Hyun Min Kang1, Noah A Zaitlen, Eleazar Eskin.   

Abstract

Genome-wide association studies have proven to be a highly successful method for identification of genetic loci for complex phenotypes in both humans and model organisms. These large scale studies rely on the collection of hundreds of thousands of single nucleotide polymorphisms (SNPs) across the genome. Standard high-throughput genotyping technologies capture only a fraction of the total genetic variation. Recent efforts have shown that it is possible to "impute" with high accuracy the genotypes of SNPs that are not collected in the study provided that they are present in a reference data set which contains both SNPs collected in the study as well as other SNPs. We here introduce a novel HMM based technique to solve the imputation problem that addresses several shortcomings of existing methods. First, our method is adaptive which lets it estimate population genetic parameters from the data and be applied to model organisms that have very different evolutionary histories.
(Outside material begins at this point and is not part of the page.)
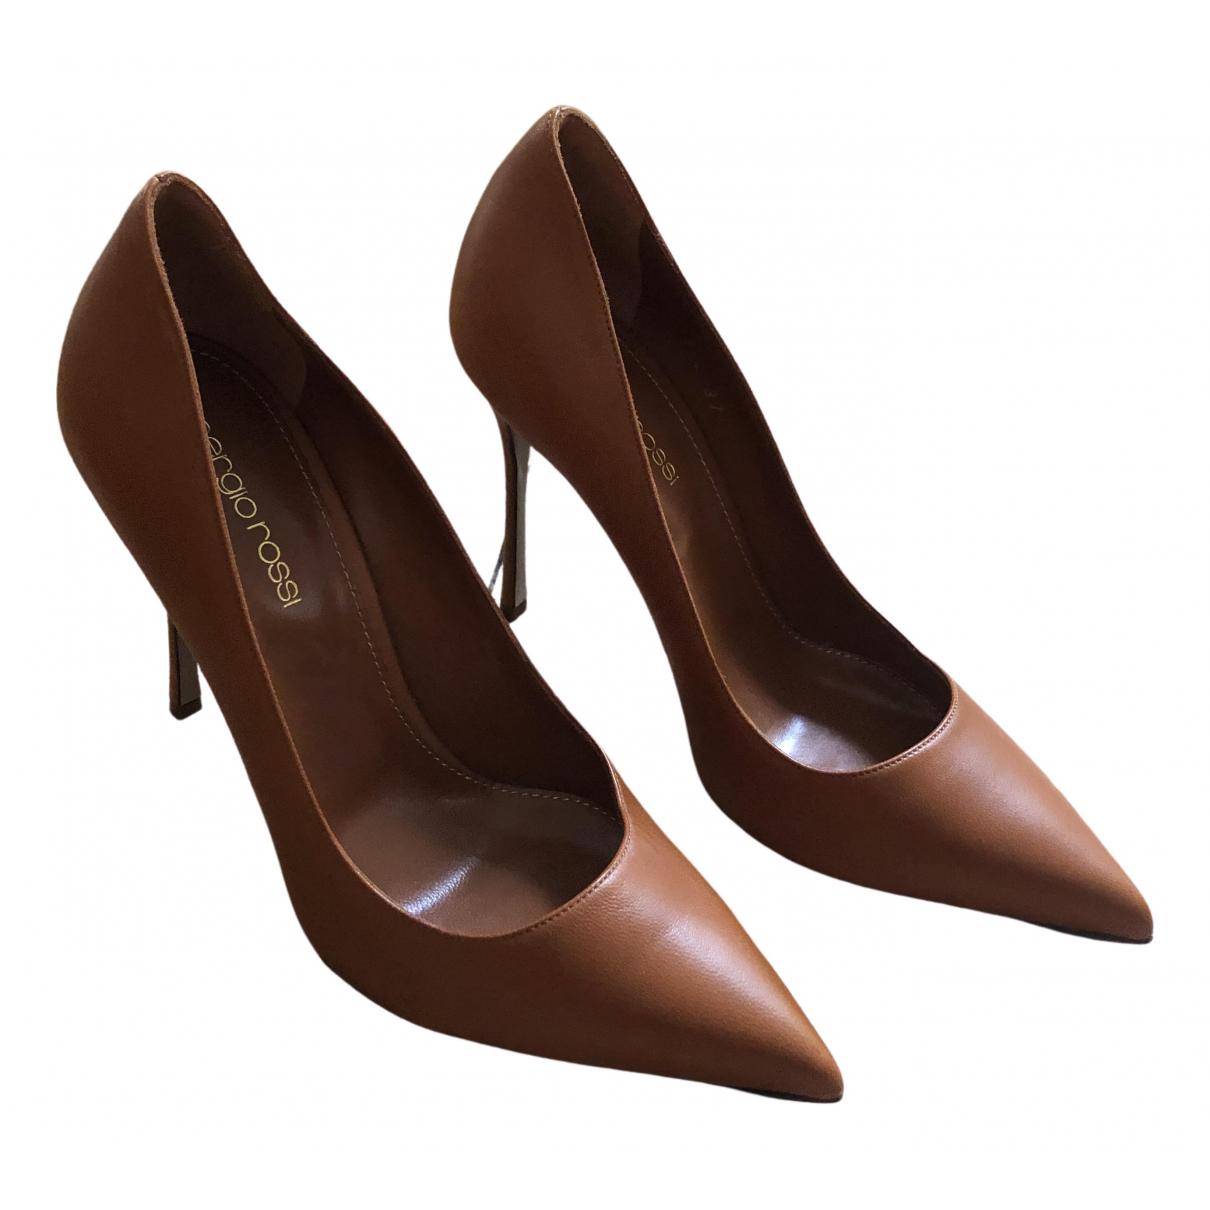 Sergio Rossi \N Camel Leather Heels for Women 37 EU
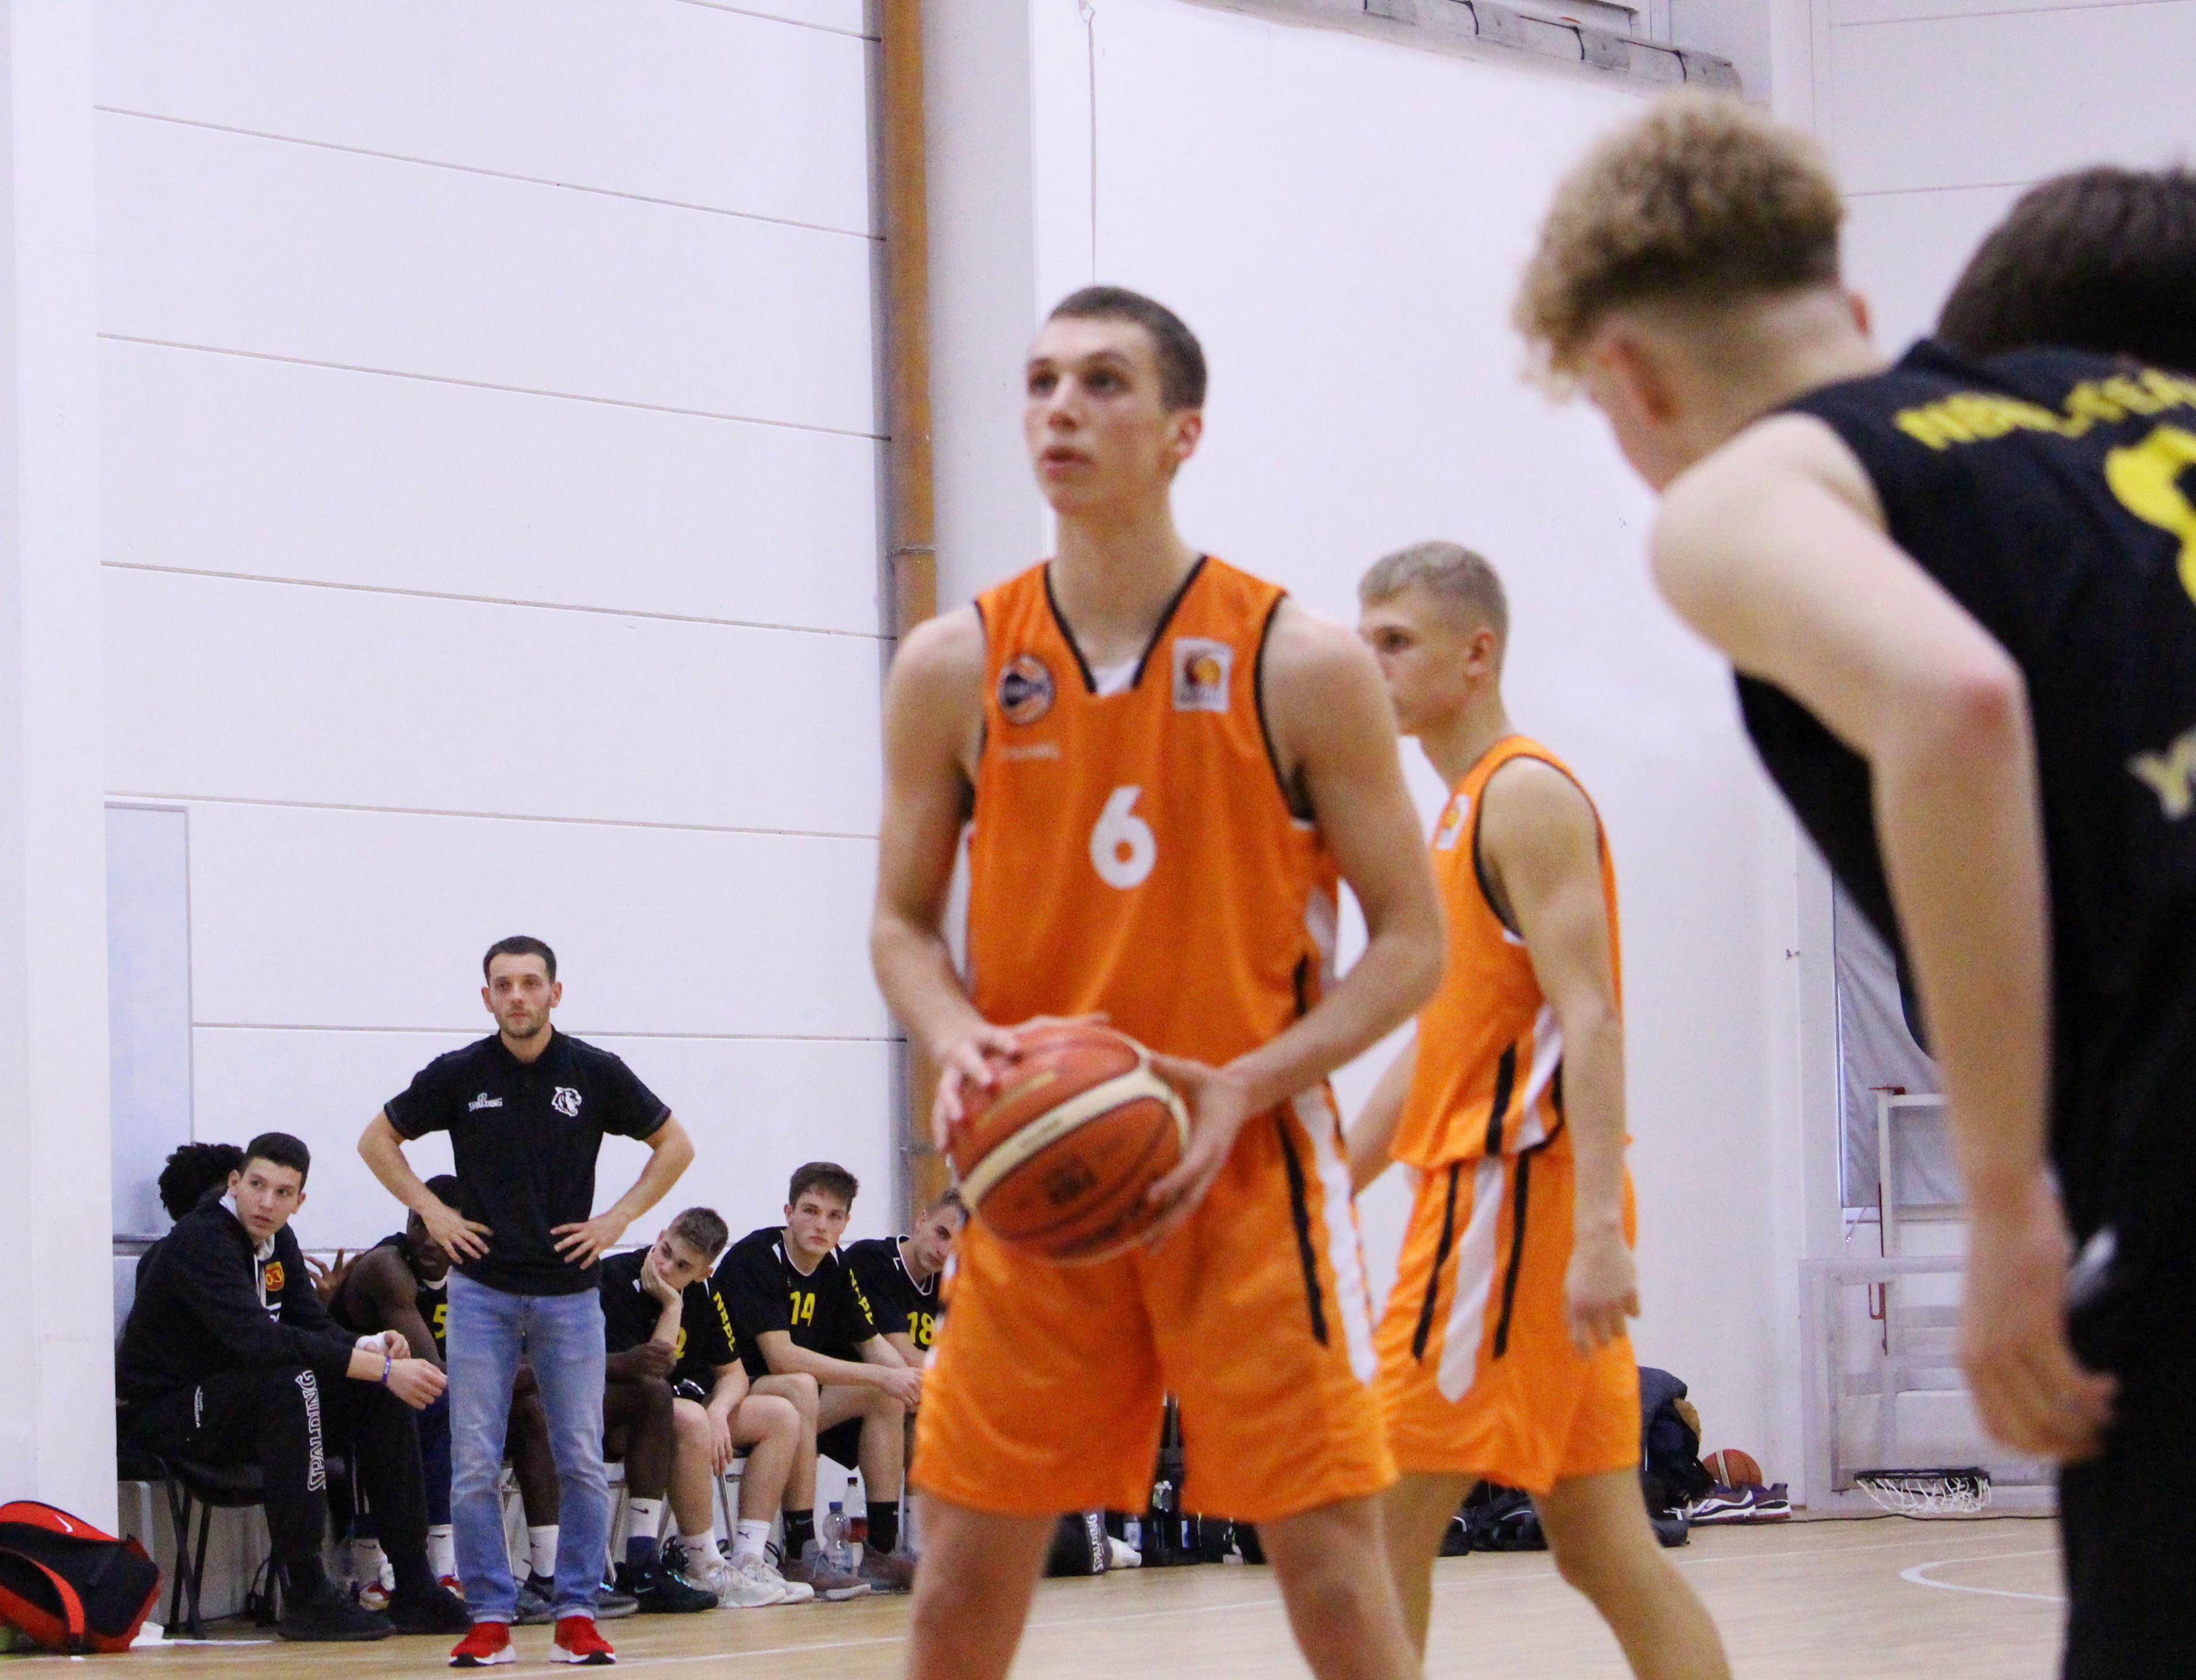 NBBL_19-20_OrangeAcademy_Young-Tigers-Tübingen_Spieltag3_Aleksa-Bulajic-3

Compared to previous methods, our method is up to ten times more accurate on model organisms such as mouse. Second, our algorithm scales in memory usage in the number of collected markers as opposed to the number of known SNPs. This issue is very relevant due to the size of the reference data sets currently being generated. We compare our method over mouse and human data sets to existing methods, and show that each has either comparable or better performance and much lower memory usage. The method is available for download at http://genetics.cs.ucla.edu/eminim.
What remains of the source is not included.